The peg holes in the legs are really for screws that will
get run into the plywood sides. To that
end I need to drill countersunk pilot holes centered in them. The drill press with a fence is used for
centering the bit in the existing peg hole.
A depth stop controls the countersinks depth so all the holes are a
consistent depth.
Here is what they look like finished.
The bottom rails need the bottom profile cut. To make sure the rail’s left and right sides
are a mirror image I started with taking the dimensioned plan then transferred
it to a ½” thick piece of MDF. However,
once drawn the arcs beginning and ending transitions looked a little stiff to
me. A few minor adjustments made the
full size MDF layout look better.
My next step is to cut out the MDF pattern. Not surprising once cut out the transitions
still did not look right. Making little
tweaks using a disk and drum sander I beat it into submission and finally got a
nice flowing profile. With the pattern
complete I traced its outline onto the rail then flipped it and did the other
end.
A trip to the bandsaw cutting about 1/16” outside the line and most
of the excess material gets removed. The
curves are pretty rough since the bandsaw has a ½” blade on it and does not
make very tight curves.
Using the disk sander to clean up the angled edge between
the end and the arcs is pretty easy as is using the oscillating drum sander to
clean up the arcs and their transitions.
What is not so easy is to get a flat and square surface between the arcs
that are parallel to the top edge of the rail.
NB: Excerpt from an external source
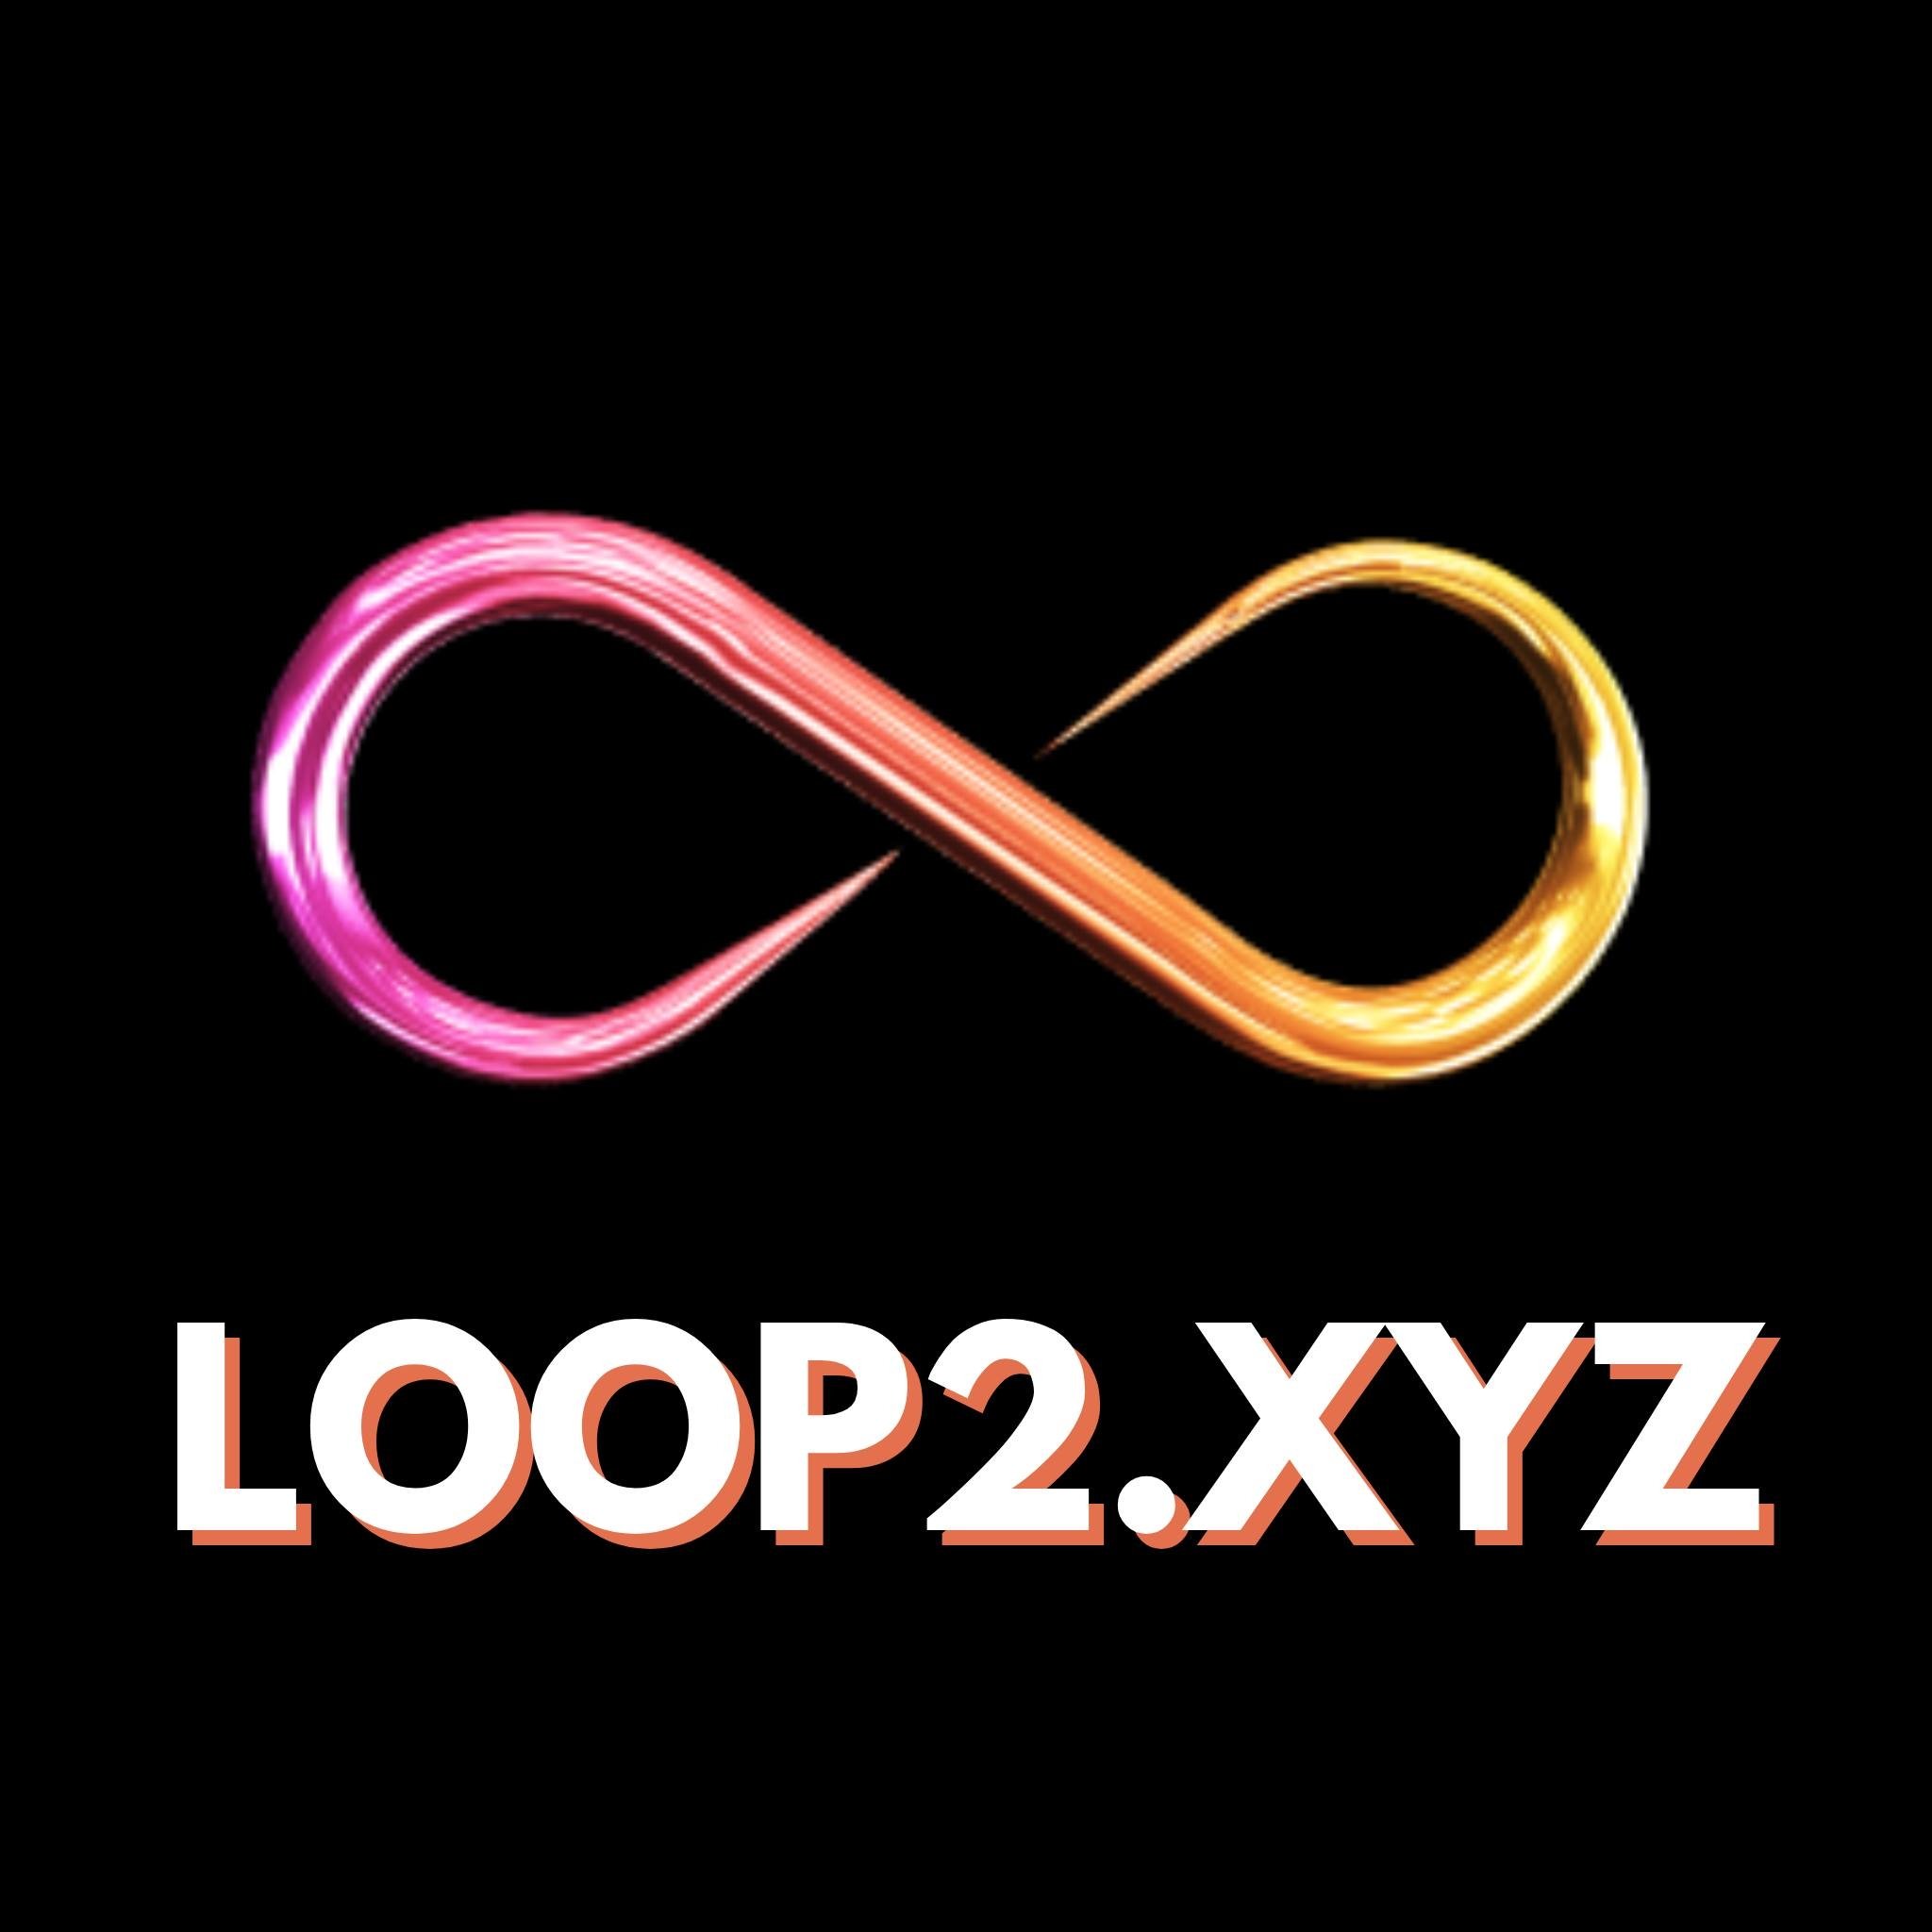 Loop2 loop logo

Most of the power tools are not to good working in a recess or will not
give me the straight edge I want.
Neither will any of the hand tools I have access to. What I ended up using is the oscillating drum
sander with a very coarse sanding sleeve and my 4’ level as a straight edge
clamped to the sander’s table. Process
is to set level so drum takes just a little off then run the rail back and
forth against the drum until the bottom of the rail rides against the
level. Making slight additional
adjustments to the level allows me to sneak up to the line to get a good smooth
straight edge. When it looks good a
little hand sanding gets rid of the rough drum sanded surface. This piece will act as my pattern for the
other three rails that need to match.
To use the pattern the first step is to clamp it to the
rail blank so the ends and edges are flush then mark the profile with a pencil.
From there it’s back to the bandsaw to cut away most of
the waste.
When that’s done the pattern is placed face down on the
work bench with the bandsawn blank face down on top of it. The ends are aligned flush and a router with
a ball bearing trim bit is used to make an exact match of the pattern profile. The top photo shows the setup where I have
started routing from the left and made it about 1/3 of the way across the
recessed flat. Bottom photo shows a
closer look. You can see better here how
when the ball bearing on the bottom of the router bit runs along the pattern
the carbide cutting edge of the bit follows cleaning up the bandsawn edge and
matches the pattern’s profile. Once the
routing is done a little light sanding cleans up any roughness and the piece is
done.
Repeat the process three more times and all four of the
bottom rails are done.
One last detail on the back legs needs to be taken care
of. When I cut the groove for the back
panel it ran the full length of the leg.
The short section of the groove running from the leg end to the start of
the tenon will be open so I need to cut a small plug about ¼”x ½” then glue it
in the groove. Here are the top and
bottom ends of the leg showing what I mean.
After a blank is made to fit the thickness and just a little
taller than the groove, I just need to cut it to length. Rather than use a pencil I like a marking knife
for its precision.
Once marked the plug is cut to length on the chop
saw. Below you can see how the marked
line is set right at the saw cut edge in the fence.
Next the plugs are glued and clamped in place. I let them cure overnight and the next day
all that’s required is a little work with a small hand plane and some light
sanding to bring the plugs flush with the face of the leg. Here you can see how they look when done.
With the legs and rails completed (I think) working on
the top is next. Taking out the pieces
that have been setting for quite some time I checked them for any movement and
surprisingly given the way this group of Oak has moved around they were all
flat, square and true. As the top is
going to be roughly 17” wide I will have to glue it up out of three
pieces. Here is what the test clamping
looked like once I got the boards selected and matched for grain and color
flow. I also checked the joints to make
sure they matched up with no gaps.
Next is to glue up the first joint and clamp it. The clamps along the joint are to minimize
any mis-alignment that could sneak in during the clamping. I could have glued up all three pieces at
once but wanted to take my time in making sure the faces of the joint are as
closely matched as possible. The better
they match the less work and time I will have to spend flattening the blank.